After figuring out the best way to help a client access whatever hearing possible, it’s “one-stop shopping,” as Hanin says – the league sells hearing aids, along with useful gadgets like vibrating pillow alarm clocks.

Then, there is therapy to help clients learn to use what hearing they can to speak and speech read (once called lip reading) – with the goal of getting them functioning in the mainstream like any other person, without sign language. Mental health and career counselors are also on hand to help. Clients come in to socialize with people their own age – or maybe just for a hearing aid tune-up.

The move Downtown hasn’t changed the demographics of the league’s clients, says Brown, though he thinks it’s still too early to tell if any new services will be called for. One thing he is looking forward to is working on fundraising and partnerships with his new neighbors on Wall St., easing some of the obstacles the agency has encountered in raising $3 million of its $6 million annual operating budget. In the long term, Hanin and Brown also dream of partnering with a preschool as a way of integrating their clients into mainstream education even more quickly than they do today.

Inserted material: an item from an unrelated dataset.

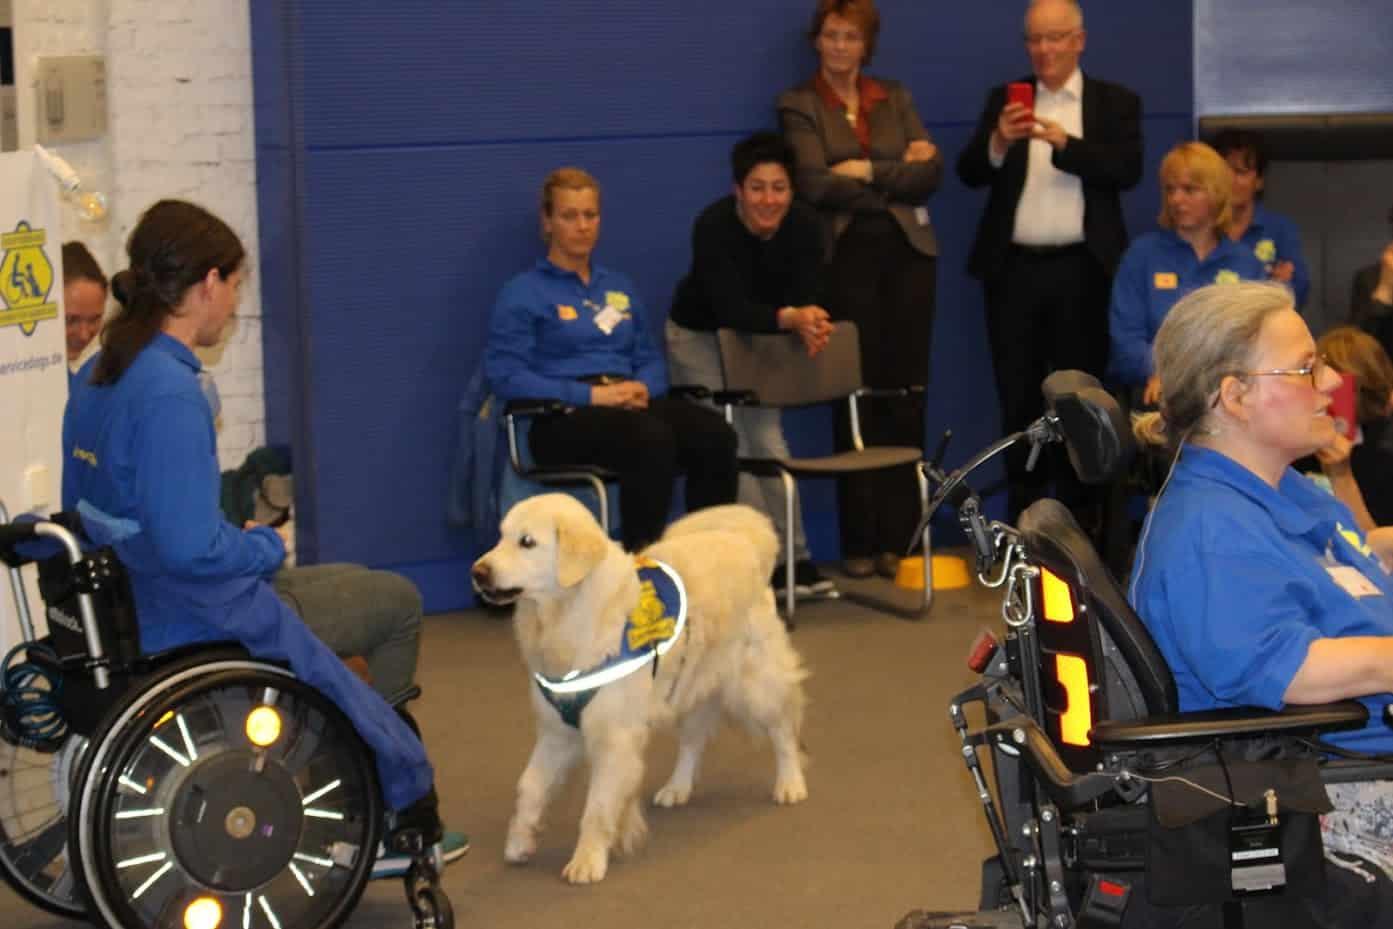 Foto Vorführung Veranstaltung im Bundestag :: Auf dem Foto sieht man wie der Assistenzhund Mars zu seiner Halterin blickt. Die junge Assistenzhundehalterin sitzt im Rollstuhl. Im Hintergrund sind Zuschauer zu sehen.

“This isn’t just an agency for people with severe problems,” says Brown. “If you think you have hearing loss, come. We’ll test you.” Living in a noisy city, Downtown residents who now are even closer to the league might want to take him up on it, because noise, says Hanin, is the largest cause of hearing loss. “It’s not caused by noise overnight, but if you’re riding the subway 1-2 hours a day, by the time your in your 40s or 50s, you’ll have some kind of hearing loss.” Other culprits are loud music, video games, movie theater trailers, lawnmowers, and even toys (some of which emit sounds louder than the legal noise limit for a workplace).

When asked for suggestions for protection on the subway, Hanin suggests earplugs (but sheepishly admits that she doesn’t take her own advice), available free of charge in overflowing boxes right inside the league’s new doorway.

Lolita Chan, the league’s accountant, said after she received cochlear implants, she cried when she heard “Silent Night” in a department store.